The answer consists of the lines from the line holding "the companion" through the last line of the entries, retyped exactly, and nothing else. No pictures belong in it.

[Records excerpted from a collection]
————

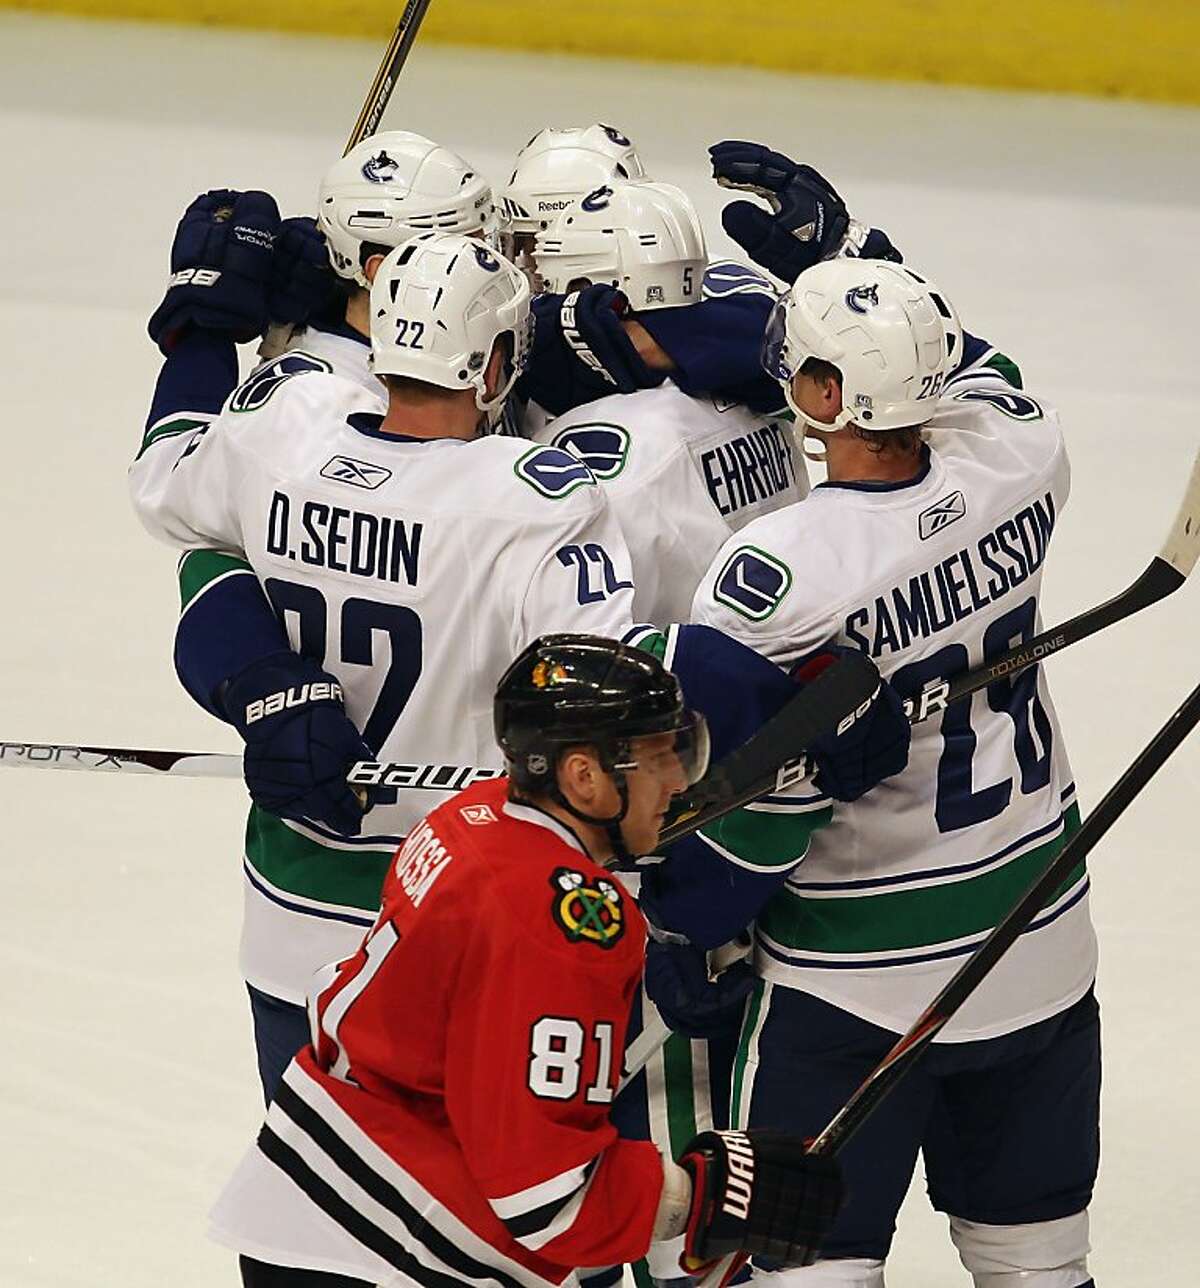 CHICAGO, IL - APRIL 17: Members of the Vancouver Canucks including Daniel Sedin #22 and Mikael Samuelsson #26 celebrate a 2nd period goal by Christian Ehrhoff #5 (center) as Marian Hossa #81 of the Chicago Blackhawks skates off of the ice in Game Three ofthe Western Conference Quarterfinals during the 2011 NHL Stanley Cup Playoffs at the United Center on April 17, 2011 in Chicago, Illinois.
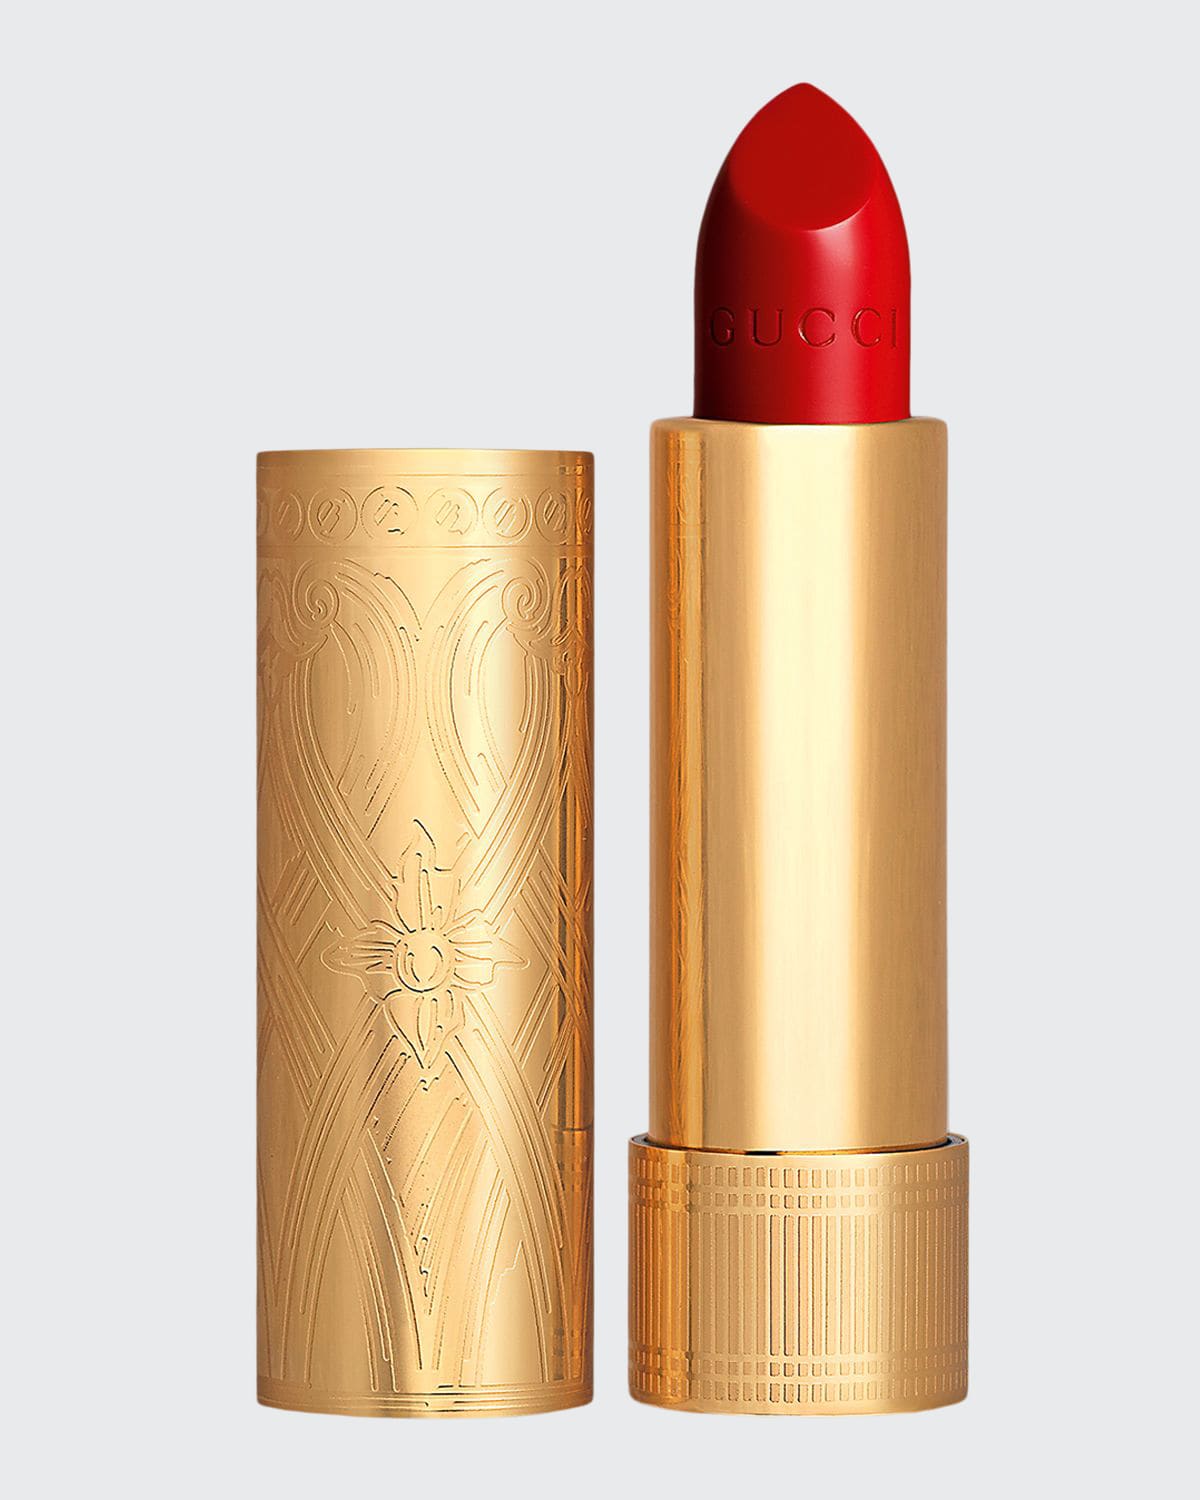 Gucci Rouge &#224 L&#232vres Satin Lipstick In 502 Eadie Scarlet
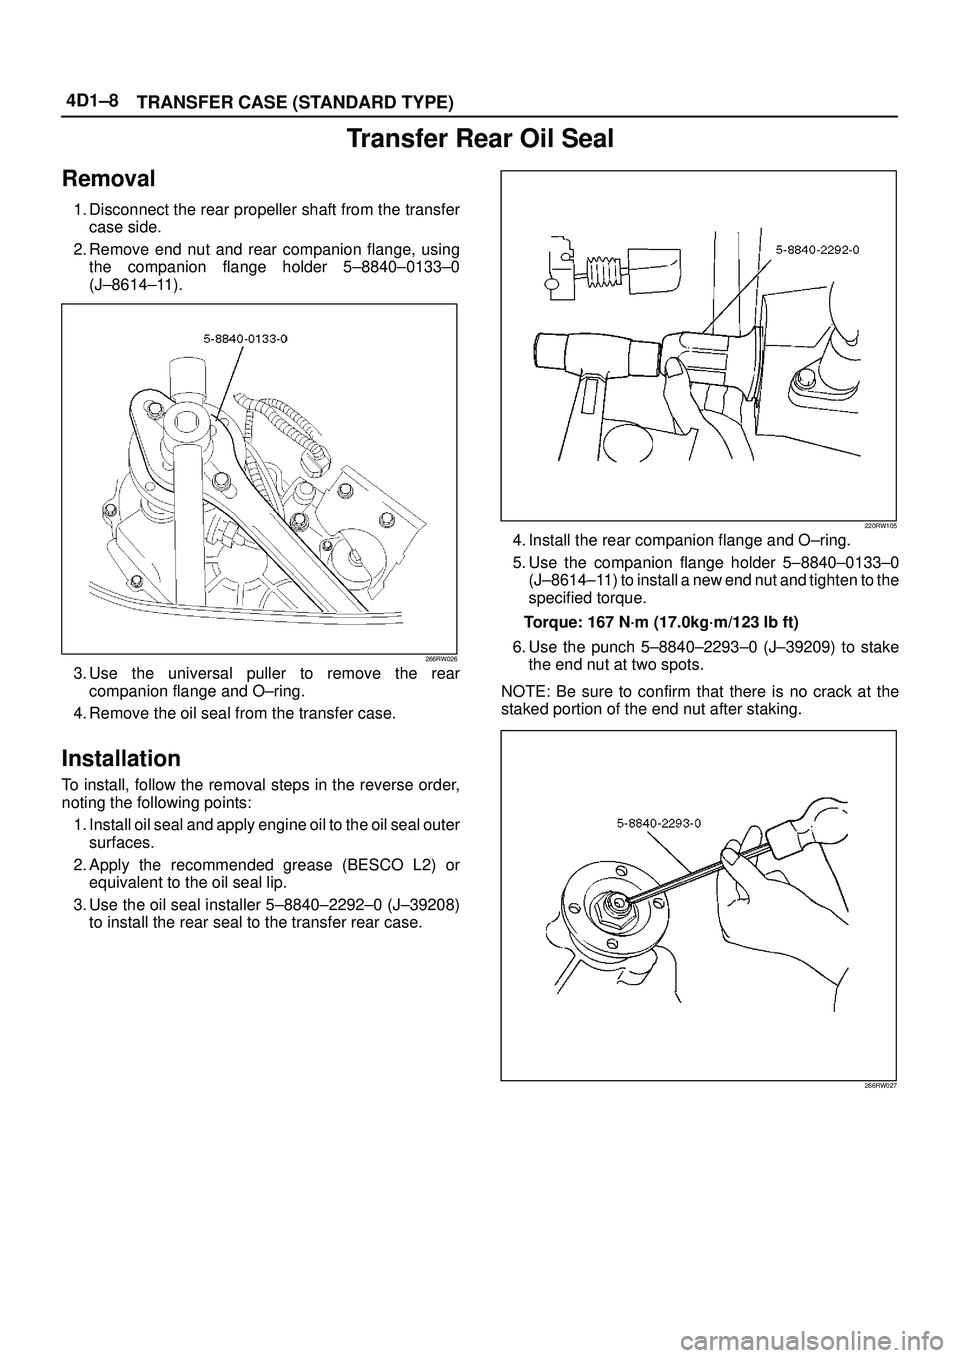 ISUZU TROOPER 1998  Service Repair Manual 4D1±8
TRANSFER CASE (STANDARD TYPE)
Transfer Rear Oil Seal
Removal
1. Disconnect the rear propeller shaft from the transfer
case side.
2. Remove end nut and rear companion flange, using
the companion
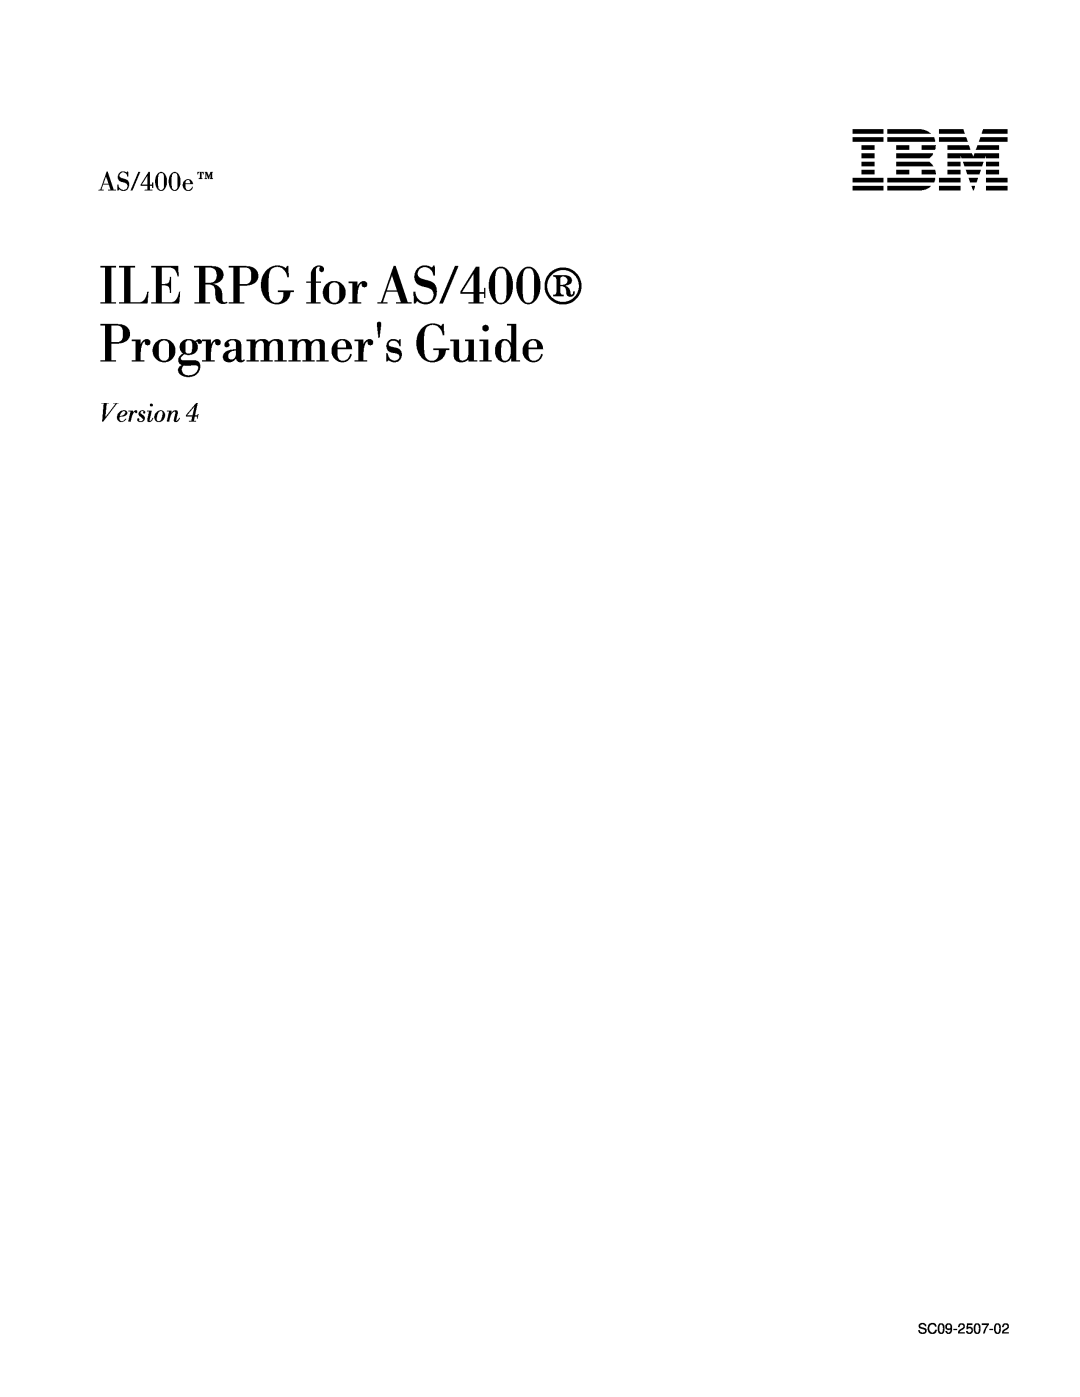 IBM manual ILE RPG for AS/400 Programmers Guide, AS/400e, Version 
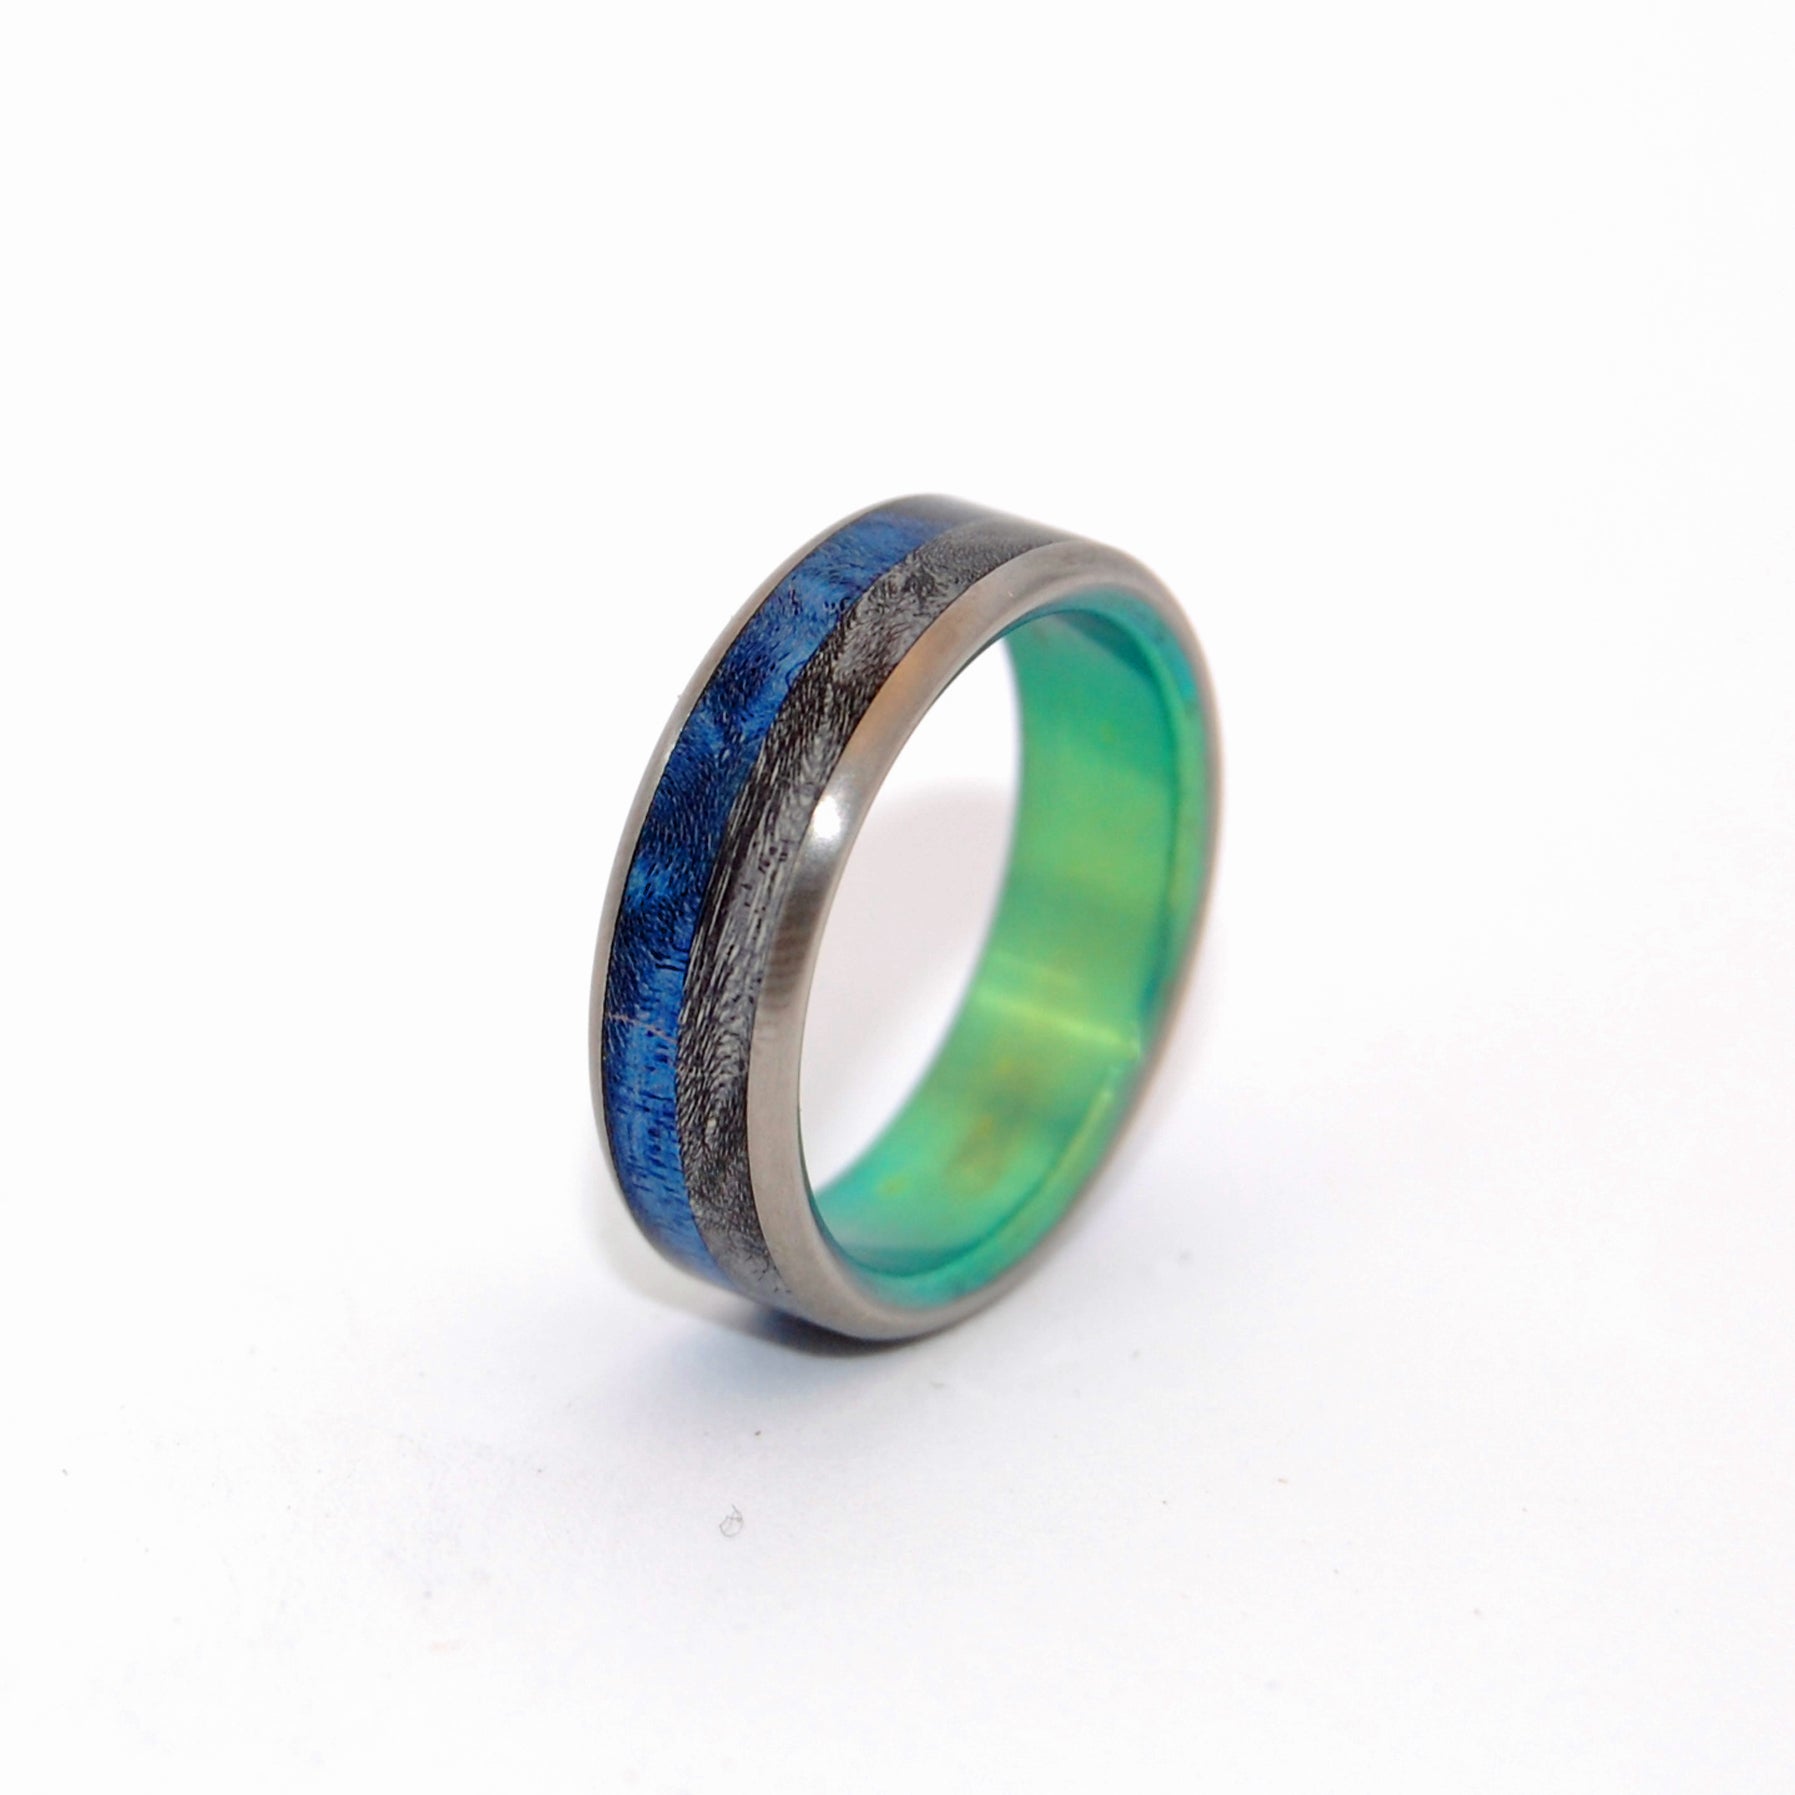 With You | Wood and Titanium Wedding Ring - Minter and Richter Designs

————

● **Expected output**:
the companion
 IBM manual ILE RPG for AS/400 Programmers Guide, AS/400e, Version 
 With You | Wood and Titanium Wedding Ring - Minter and Richter Designs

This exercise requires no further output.